3. (a) Sketch the Palmen-Newton model of the general circulation of the atmosphere, in a meridional transect from the pole to the equator. Ignore seasonal and land/sea differences.(1.5%)

(b) Explain why this model applies better in the southern hemisphere than in the north, especially during the seasonal extremes (Jan/Jul). (1.5%)

 

4. Draw a schematic of the ageostrophic flow and con/divergence in the entrance and exit regions of a zonal upper-level jet streak, in the northern hemisphere. Start with a map (xy plane), and include the location of the IPV maximum (+) and IPV minimum (-). Then draw two meridional cross sections (yz planes), one across the jet entrance region, another across the jet exit region. In these sections, plot some isentropes (including a hint of the low-level frontal zone), the tropopause, and ageostrophic flow vectors. (3%)

 

5. Draw a transect of M (absolute momentum) and qe. Please label the axes, and define M. Also label the M and qe lines so that it is clear in what direction M and qe increase. Your transect should contain a region that is potentially symmetrically unstable (PSI), one that is potentially unstable (PI), and the rest of the transect should be statically, inertially, and symmetrically stable (S). (3%)

 

6. Bluestein question 1.5: in the two Figs below, sketch the area(s) of CVA; and the area(s) of downward motion (w>0 in QG theory). Shown is the 500 mb height in the northern hemisphere. Assume that the 300 mb height pattern is the same, only the height contours are more tightly packed. (2%)

Left image: L is large (long-wave)                            Right image: L is small (short-wave)

 

7. Bluestein question 1.31. For what values of x in the Fig below is there rising motion? For what values is there sinking motion? Use QG theory, and in one sentence explain your answer. (2%)

 

 

 

That ‘s it – 18% max.

Here is an extra credit question. It is a tough one, but it uses the same concepts introduced in class to understand midlatitude baroclinic instability from an IPV perspective.

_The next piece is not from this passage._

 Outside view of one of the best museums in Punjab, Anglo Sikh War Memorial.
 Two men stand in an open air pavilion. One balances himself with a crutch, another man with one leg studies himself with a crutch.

Assume a subtropical region with anomalously high temperatures near the surface. This anomaly is embedded in an environment with an inverted meridional temperature gradient, i.e. it is warmer to the north. This happens in West Africa in summer, and the so-called Cape Verde hurricanes form there. Assume that the PV anomaly in this warm pool is sufficiently strong to induce a circulation that extends to the upper troposphere and that is in thermal wind balance. Now assume that the easterly flow, in the upper troposphere, advects a negative PV anomaly of about the same magnitude and size as the low-level one into the region.

(a)    Draw a transect, from west to east, showing some isentropes and isotachs (x means into the page, . is out of the page). Show both the surface PV anomaly (- or + ??), and the upper level PV anomaly (-), at the time that the latter (UL) is a quarter wavelength to the east of the former (LL) anomaly. (3%)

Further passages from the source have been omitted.